Big data implementation is only as good as its filesystem. From an architectural standpoint, managing the massive volume and throughput of data is a challenge. Big data solutions typically use large, distributed arrays of servers and specialized software. For risk management, huge amounts of data flying across distributed servers also requires exceptional built-in fault tolerance.
In this article, we present four leading contenders for big data filesystems.
MapReduce: A Key Function
MapReduce is not a filesystem, but a data management protocol. MapReduce handles critical data functionality, performing such operations as categorizing, sorting, summarizing, redundancy, and fault tolerance. MapReduce is robust and thorough, and at one point, it was the protocol of choice for big data file systems.
Looking at our four filesystem candidates, two of them use MapReduce in two of them don’t.
1. HDFS: Hadoop Distributed File System
Usually simply called Hadoop, HDFS in extremely popular and has gained a great deal of prominence in the big data world. It uses MapReduce as a key function of its data management. Hadoop is an open-source system written in Java designed to run on low-cost hardware. With that in mind, Hadoop was built with exceptional fault tolerance. Hadoop terminology refers to “nodes” for how data is moved and stored. NameNodes are “controller” nodes of a sort, managing how data is parsed and distributed as well as housing metadata. DataNodes exist across multiple remote servers and are controlled by NameNodes. DataNodes store data in blocks and provision I/O.
Hadoop is a product of the Apache Software Foundation. Apache also contributes our second entry, which might be considered a next-generation big data file solution.
2. Apache Spark
Apache Spark moves beyond MapReduce for its data manipulation, using a new resilient distributed dataset (RDD) protocol. Spark is fast and flexible with sophisticated analytics, including the ability to run interactive analytical applications against streaming data in real-time. It won the 2014 GraySort Benchmark contest by sorting 100 TB of data three times faster than Hadoop on one-tenth of the machines. Spark has API tools available in Java, Python, Scala, SQL, and other languages.

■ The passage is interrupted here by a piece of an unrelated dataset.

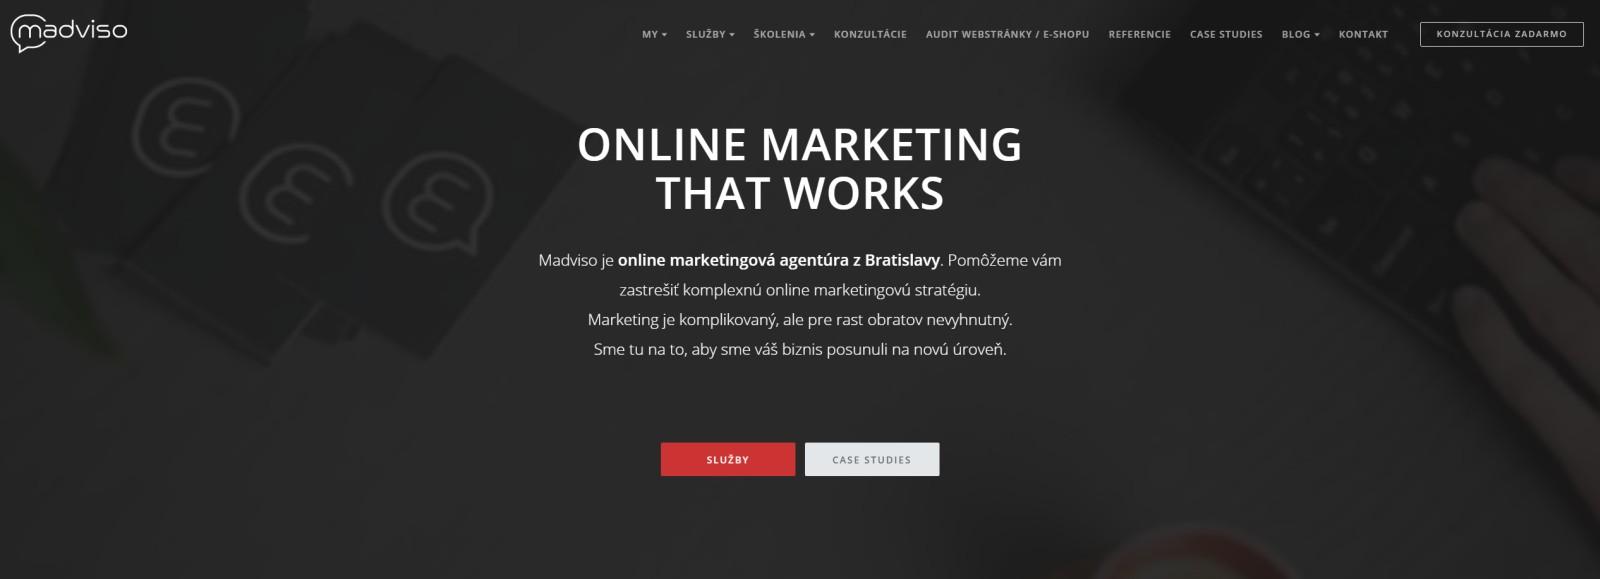 Madviso webstránka

It’s fully backward-compatible with Hadoop and HDFS systems, so legacy Hadoop systems can easily upgrade. Similar to Hadoop, Spark uses a distributed storage model over a large cluster of servers. Spark scalability is a key benefit. It can easily accommodate running on thousands of nodes. There are options to install Spark, so it runs on its own standalone cluster manager, on other cluster managers like Mesos or Hadoop YARN, or in an EC2 cloud. It can access data from HDFS, Cassandra, HBase, Hive, Tachyon, and other Hadoop sources.
The Quantcast File System (QFS) is an alternative to Hadoop as far as compatibility with MapReduce processing. It was designed to run more efficiently than Hadoop, due in large part to a different redundancy and fault tolerance methodology. Using Reed-Solomon error correction, the QFS does essentially the same job of distributing fault tolerance backups with half the disk space. Half the disk space means half the data that needs to move back and forth. On a large distributed server array moving massive data, that leads to dramatically improved performance.
The QFS was developed to manage Quantcast’s company data needs. Quantcast specializes in measuring audience engagement on Internet sites, processing over 800,000 transactions per second at over 100 million websites.
GlusterFS is a filesystem from Red Hat, Inc., the company best known for its enterprise Linux operating system. It uses a proprietary protocol for data management. Like the other candidates, it manages massive data by using scalable distributed file networks. GlusterFS gets excellent file look-up speed from using elastic hash algorithms rather than centralized metadata. GlusterFS has been most notably used for cloud computing, streaming media, and content delivery. Like Hadoop, it can run on low-cost commodity computer hardware. GlusterFS is known for scalability to massive sizes with excellent performance.
The two Apache products, Hadoop and Spark, are the more widely accepted for a variety of enterprise applications. Hadoop is a solid classic; Spark is a next-generation innovator that offers improved performance. Either Quantcast or GlusterFS could be fine choices; however, they are more likely to be outliers in the big data filesystem community.